Decades of wasteful project after wasteful project, adding up to hundreds of trillions of dollars in spending. Every single President since Eisenhower has been a part of it. Who is blame? We are. We let them do it. Let the anger soak through you, then take a deep breath. Let it out. I agree with you. It sucks.

The money is gone. There is no way that it will ever be paid back. We owe more money than physically exists. That right- add up all of the money in the world: Dollars, Euros, Yen, Yuan, all of it. Now send it all in. That doesn’t even pay what the US owes, much less the debt of all of the other nations in the world. Now you begin to see just how fucked we all are. Yes, I am using the word “fucked” even though profanity is not used here very often. Why? Because no other word really begins to describe just how bad things really are.

There is no way out of this. The bill is going to come due, and we are the ones who will be stuck with it. That pension you are owed? Gone. The Social Security fund that took from you a third of every dollar that you earned for your entire working life? It’s been spent. I’ve been warning you about this since I figured it out, back in 2007.

Again, the time for us to have fixed this passed some time ago. I became an adult during the Reagan administration. It was probably already too late at that point. My generation inherited the problem, but we certainly didn’t even try to fix it. So yeah, I blame the Boomers (and my own parents, who were part of the silent generation) for creating the problem, but the generations since then certainly didn’t try to fix anything. That makes all of us responsible.

Lacta alea est. It’s too late to cry over spilt milk. You can be mad, but that is like the old man yelling at clouds: it doesn’t change anything.

All we can do now is try and save what we can, and in my opinion, all we can do is try and save our local area. Be ready, band together with as many like minded neighbors as you can, and try to weather the storm. Sauve qui peut.

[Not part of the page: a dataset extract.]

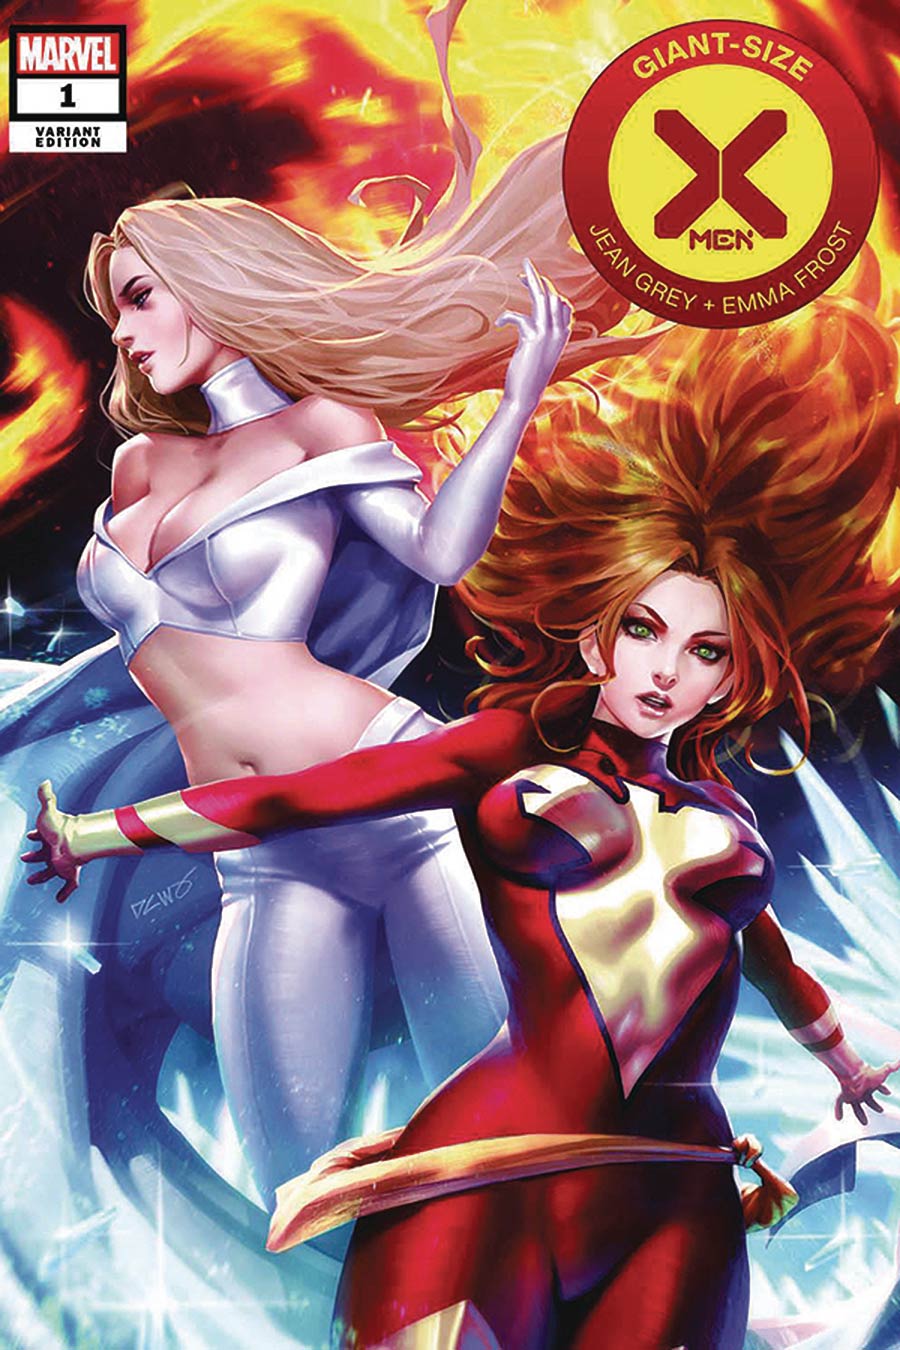 Giant-Size X-Men Jean Grey & Emma Frost #1 Cover E DF Exclusive DX Derrick Chew Variant Cover

Get skills. Stockpile tools, gear, food. Learn to garden. Plan. Make friends with neighbors who have complimentary skills. Stockpile stuff that you can trade to people with skills who may compliment your own. For example, extra guns for neighbors who may not have one. They can use it to stand watch while you sleep, or cover your backside.

It’s coming. We don’t know when, but at this point, it’s undeniable.